Since January 2016, there has been an average of more than two “unsafe or unprofessional” incidents each month, according to the U.S. military. There have been 50 such incidents in the last two years, officials said.

But in response to a query, U.S. military officials said there have been no such incidents since August 2017.

The apparent shift in Iranian behavior comes as an international nuclear agreement with Tehran is teetering as President Donald Trump threatens to end U.S. sanctions relief provided to Tehran under the deal, signed under President Barack Obama.

Washington’s European allies are discussing ways of heightening sanctions against Iran for actions not directly related to the country’s nuclear program.

Gen. Votel said that the abatement in the Persian Gulf didn’t alone signal a broader “strategic shift” by Iran, noting activities such as Iran’s support of Houthi rebels in Yemen. “I think we have to look at Iran in totality,” Gen. Votel said.

The U.S. has publicly criticized what it says is Iranian backing of the Houthis. Iran also has sent forces to Syria and backs militants operating there on behalf of the Assad regime.

Military officials noted that while Iranian harassment in the Gulf had declined, the country’s forces weren’t idle. Iran has been observed by the U.S. conducting activities that approach but stop short of what would be considered harassment, a U.S. military official explained.

Officials at U.S. Naval Forces Central Command, in Manama, Bahrain, were loath to guess the reasons behind it.

“We are not going to speculate on the reason for this recent positive trend in interactions, though we hope it will continue in the future,” said Cmdr. Bill Urban, a spokesman for U.S. Navy’s Fifth Fleet, in Manama, Bahrain.

Ali Vaez, Iran project director at the International Crisis Group, said the decrease in harassment is part of a broader pattern by Tehran to refrain from provoking the U.S. and providing fodder for the Trump administration to blame them for regional instability.

“I think they understand the administration’s policy at this stage is to put the spotlight on Iranians and portray them as the source of all evil in the region,” he said. “The Iranians are certainly part of the problem in the region, but they’d like to be portrayed as part of the solution, not just the problem.”

The lull in harassment coincides with an internal directive last summer in which Mr. Vaez said Tehran’s Supreme National Security Council had ordered the IRGC to stand its ground in the region, but not to harass U.S. Navy ships. The council is presided over by President Hassan Rouhani but Mr. Khamenei has the final say.

Capt. Urban said the U.S. Navy hadn’t modified its operations in the region and would continue to operate “wherever international law allows.”

The last incident, in August, occurred when an Iranian drone flew in the vicinity of aircraft conducting night operations on the USS Nimitz.

Capt.

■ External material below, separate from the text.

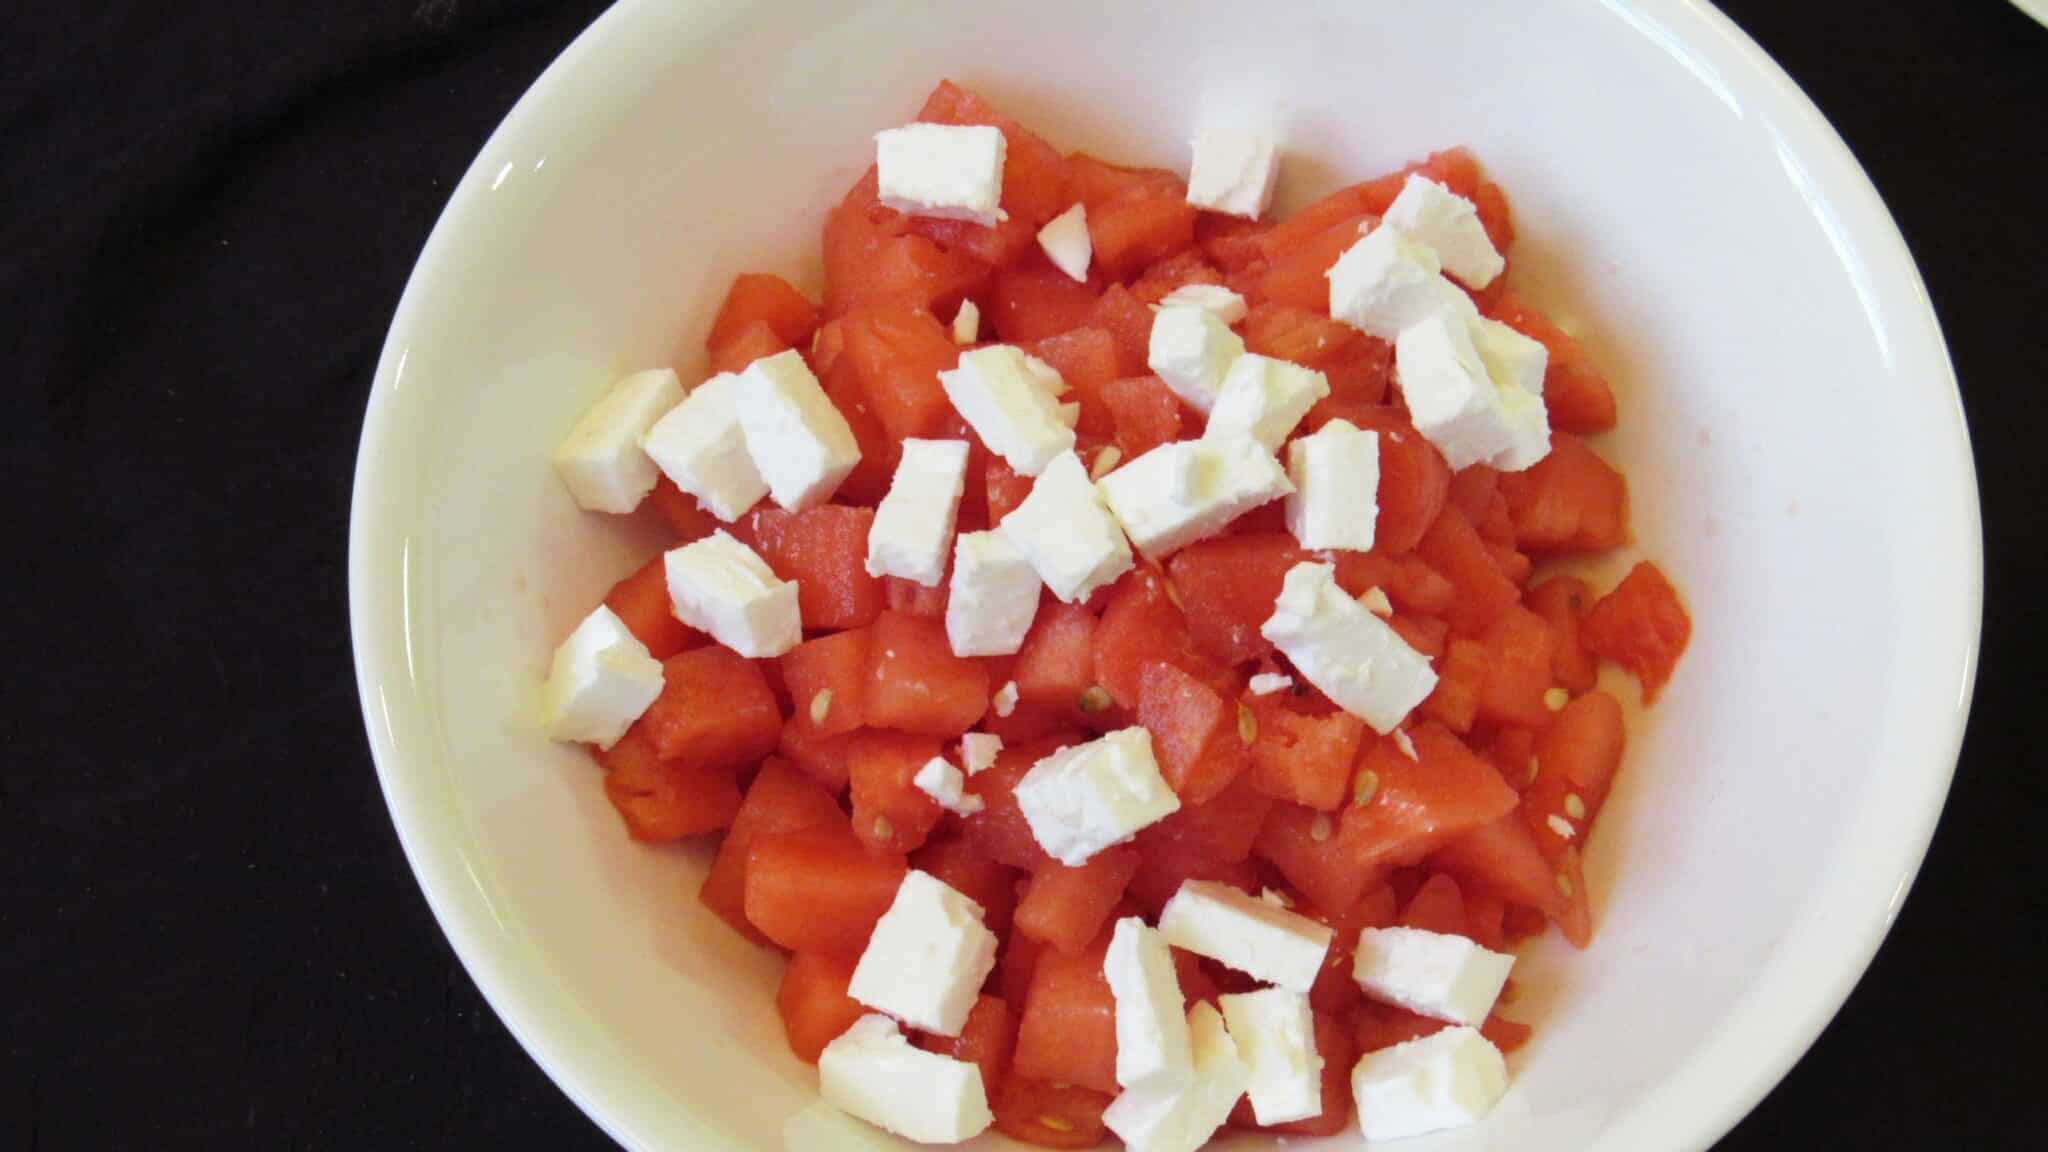 Diced watermelon and diced feta cheese in a white bowl.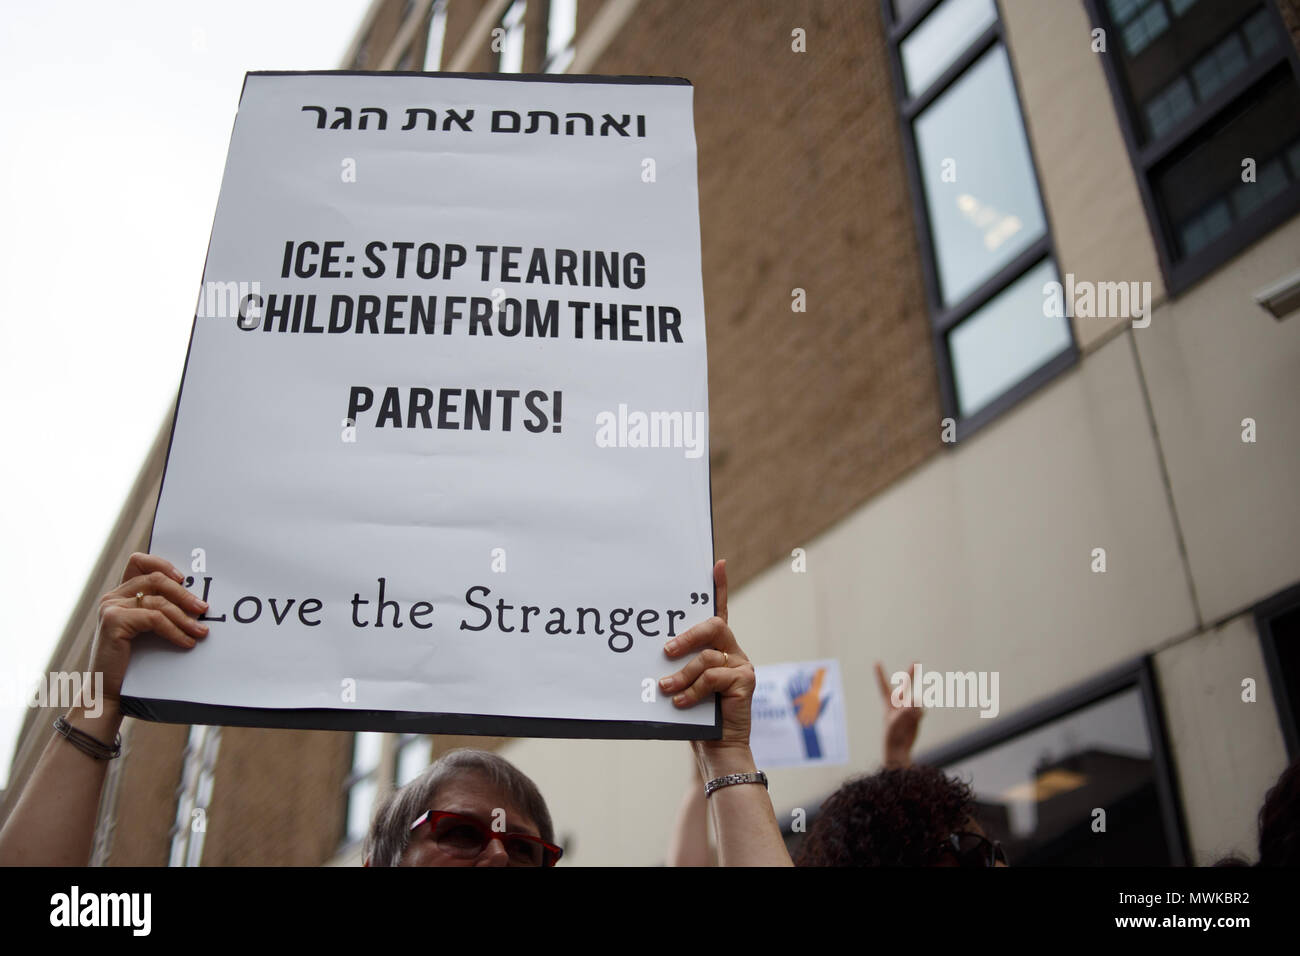 Philadelphia, United States. 01st June, 2018. Protestor holds a sign at a rally near the city's ICE (Immigration and Customs Enforcement) office, organized by the ACLU in opposition to new Trump administration policies which separate children entering the country from their parents or accompanying family members. Credit: Michael Candelori/Pacific Press/Alamy Live News Stock Photo

Urban expressed concern about Iranians’ use of drones, also known as unmanned aerial vehicles, to harass American vessels.

“Even with the decreased incidents, we remain concerned with the increased number of Iranian UAVs operating in international airspace at night without navigation lights or an active transponder as would be expected according to international norms,” he said. “We continue to advocate for all maritime forces to conform to international maritime customs, standards and laws.”

The U.S. military currently is participating in a joint exercise called Native Fury with the United Arab Emirates, designed for training in ways to get essential supplies into the Gulf region over land if the Strait of Hormuz was ever blocked, as Iran has threatened to do in the past. Some military experts see Native Fury as a message to Iran.

It is “a demonstration of our resolve,” Gen. Votel said. The Iranians also are conducting a two-day exercise in the Strait of Hormuz.